I am creating a subclass of UIBarButtonItem, to provide some specific functionality.
The new class has an initializer, that is the only one that should be used when creating an instance of the class:
- (id) initWithSomeObject:(SomeObject *)param;
The problem is, all the initializers from UIBarButtonItem are still available, so I could create an instance of my new class using something like
MyCustomUIBarButtonItem *button = [[MyCustomUIBarButtonItem alloc] initWithBarButtonSystemItem:systemItem target:target action:action];
or something else...
Is there a way to hide the initializers from UIBarButtomItem in my subclass, so that they cannot be used?
Just document it clearly that no other initialiser but that one should be used.
If you really don't trust your fellow developers or yourself to read the documentation, you can also override the other initialisers and put NSAssert(NO,@"Don't use this");
in the body. You can throw an exception instead of using an assertion.

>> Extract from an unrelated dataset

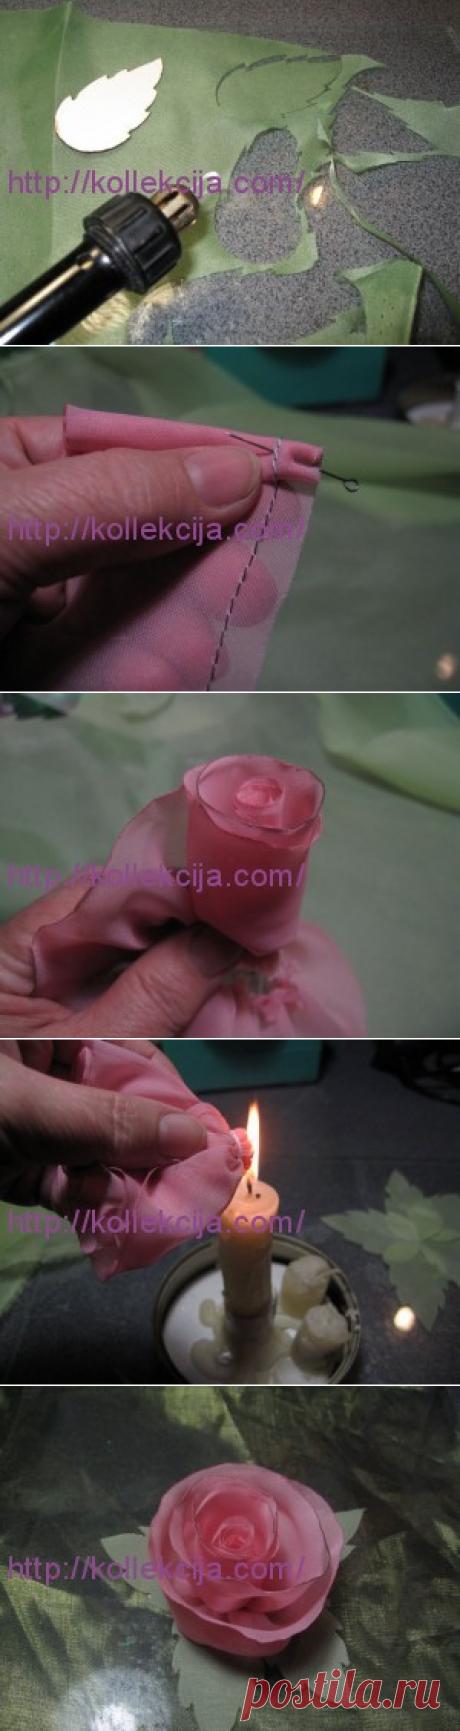 Мастер-класс «Изготовление цветов из ткани». Автор Надежда Бандурина.   Своими руками — интернет журнал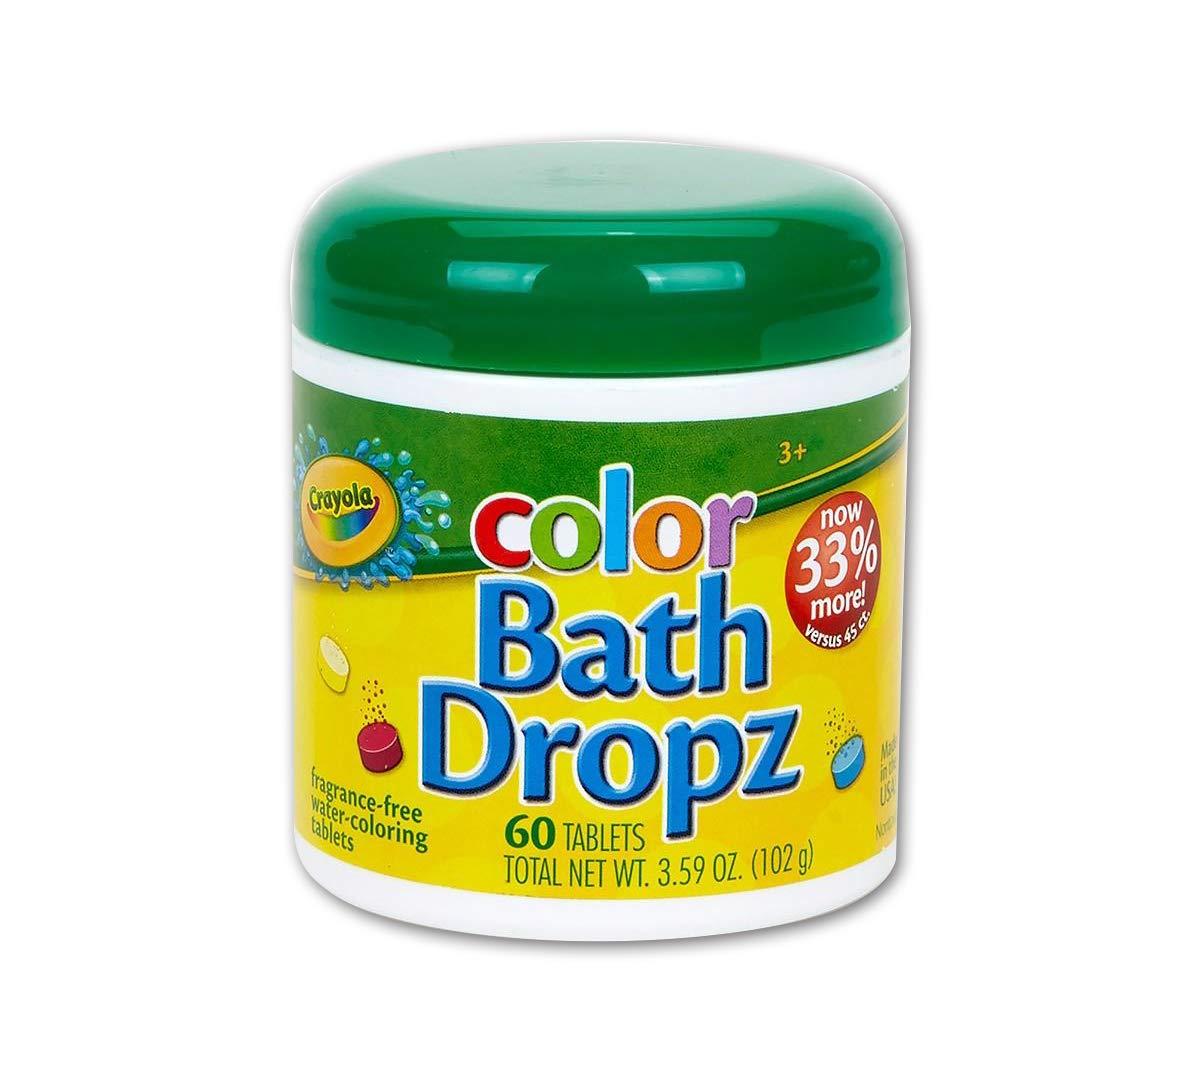 Crayola Bath Dropz Banho Colorido - 60 Tablets

You can't make private the other initializers; nothing is private in Obj-C. As freespace suggests, the best you can do here is document it and if you really need to, throw exceptions out of the other initializers.
If this seems horrendously error-prone, that's because it is. The initializer cluster pattern with one "designated" one (which there is no syntactical support for) is a fault in the language or Cocoa framework/pattern design, depending on how you look at it.